Figure 1. Classical resamplers compute the new pixel as a weighted average of neighbours. AI super-resolvers invent plausible detail from a learned prior. The output looks sharper because the model added textures that were not in the source.
How Real-ESRGAN Works — The 2026 Default For Per-Frame Restoration
Real-ESRGAN was published by Xintao Wang and colleagues at Tencent ARC Lab in 2021, with the paper "Real-ESRGAN: Training Real-World Blind Super-Resolution with Pure Synthetic Data" (arXiv 2107.10833). It is the practical successor to ESRGAN (ECCV 2018 workshops), which itself was a successor to SRGAN (CVPR 2017). The contribution that put Real-ESRGAN into every production pipeline was not the architecture — that was already well-known — but a synthetic data generation process that finally taught the model to handle the kinds of degradations that real video archives actually have.
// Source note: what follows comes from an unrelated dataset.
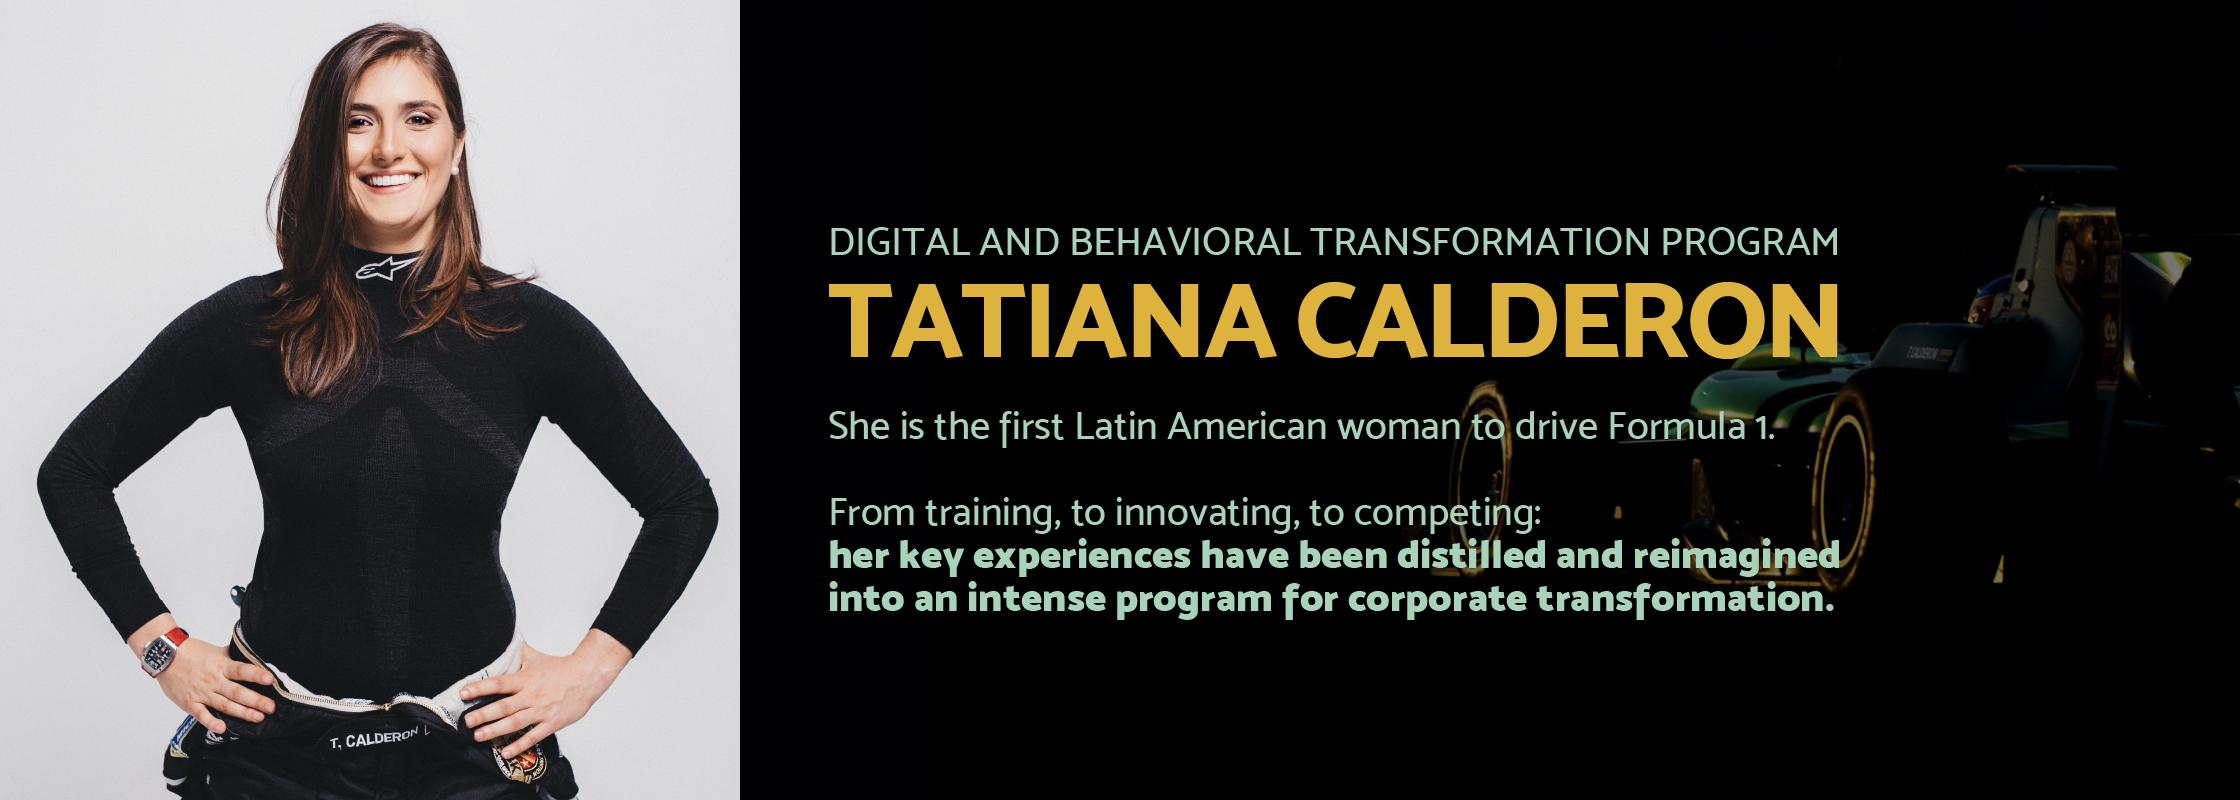 Tatiana Calderon Banner 1
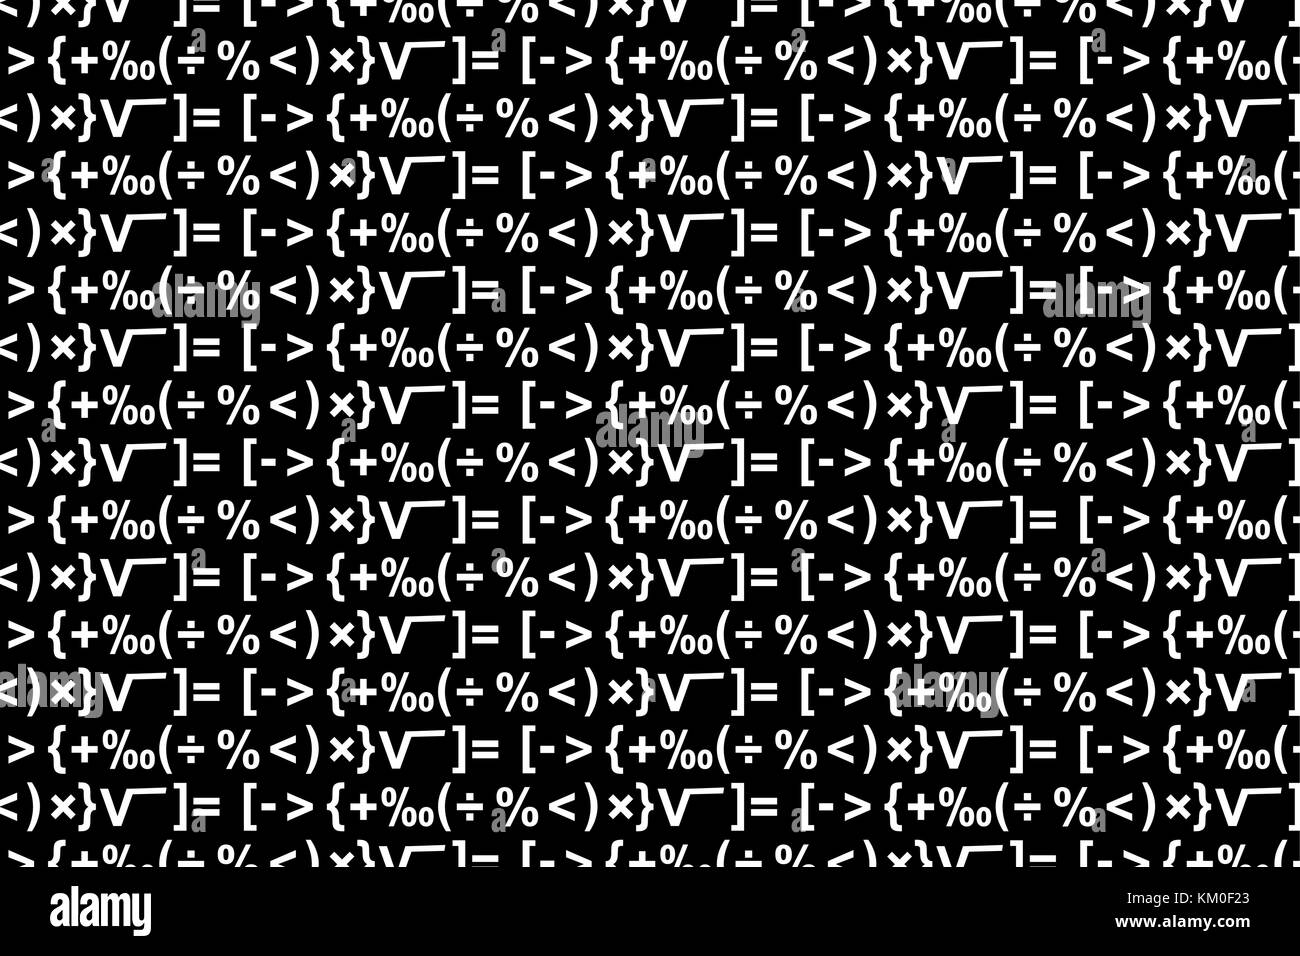 Mathematical symbols stock photos mathematical symbols stock mathematical symbols black and white vector pattern stock image buycottarizona Images

The architecture has two networks that train together. The generator is the network that turns a low-resolution image into a high-resolution one. The discriminator is a network that tries to tell real high-resolution images apart from generator outputs. They train against each other in a generative adversarial network — GAN — setup: the generator gets better at fooling the discriminator, the discriminator gets better at catching fakes, and after enough rounds the generator produces images that pass for real.
Inside the generator, the heavy lifting is done by Residual-in-Residual Dense Blocks — RRDBs. An RRDB is a stack of dense blocks (each layer feeds every later layer in the block) wrapped in a residual connection (the block's input is added to its output). Real-ESRGAN-x4 has 23 RRDB blocks. The output of the last block goes into a pixel-shuffle upsampler that increases spatial resolution by 4× (or 2× for the lighter variants), then a final convolutional head that produces the RGB output.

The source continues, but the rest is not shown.